The I2C block is connected as default with pin 8 (SCL) and pin 9 (SDA). The device address is 0x00, but any other address from 0x00 to 0xF can also be set. It is important to know (Based on SLG46538V datasheet) that I2C writing frame is composed of a start bit, followed by a control byte, word address, data and a stop bit (Figure 7 illustration). I2C reading frame is composed of a start bit, followed by a control byte, word address, a start bit (again), control byte, data and stop bit to end the transmission (check the app note AN-1090 for more information about how I2C works).

Arduino Code

For Arduino (from the hardware perspective), there is not much to update, apart from the connection to the Wi-Fi module. Echo pin output of the ultrasonic sensor is connected to Arduino’s digital input pin 12. This way the Arduino can process echo pulse data (Talked more about below).
Regarding Arduino code design, some libraries were used that solve many things and makes programming easier. These libraries are: “ESP8266_Lib.h”, “BlynkSimpleShieldEsp8266.h”, “SimpleTimer.h” and “Silego.h”. The code is well commented and explained (check it out by downloading the Arduino file). Some general things are explained:

                    // You should get Auth Token in the Blynk App.
// Go to the Project Settings (nut icon).
char auth[] = "YourAuthToken"; // replace "YourAuthToken" for the token number of the Blynk project
// Your WiFi credentials.
// Set password to "" for open networks.
char ssid[] = "YourNetworkName"; // replace "YourNetwokName" for the name of your network
char pass[] = "YourPassword"; // replace "YourPassword" for the wifi password

                  

To install the project at home, the Auth Token number has to be typed. To find it, just open the Blynk app, log in with your account (if you have not created one, just register), create a project, and go to project settings. There, the Auth Token number (check the example in Figure 10) can be seen. Once you find it, just type the number in the Arduino code, or to make things easier, send that code to your email over the app. Then it can be just copied and pasted in the PC. In addition, the name and the password of the WLAN have to be typed, as any other Wi-Fi based electronic device.

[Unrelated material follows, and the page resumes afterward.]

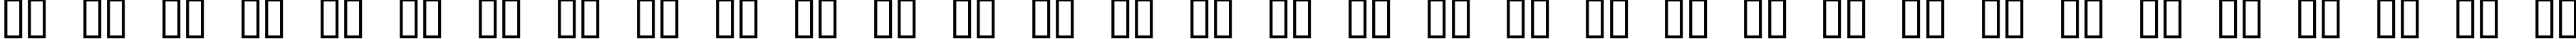 Пример написания русского алфавита шрифтом 04b_11

Figure 6. Project Settings.

If working with LED widgets in the app is desired, just add as many WidgetLED objects as desired in Arduino code. For this app note, all sensors that are used to build the project have been added.
There are other important objects to define such as Wi-Fi from ESP8266 library classes and timer from simpler timer classes.
Also, the Address of the GreenPAK ASM has to be defined, in this case, 0x00.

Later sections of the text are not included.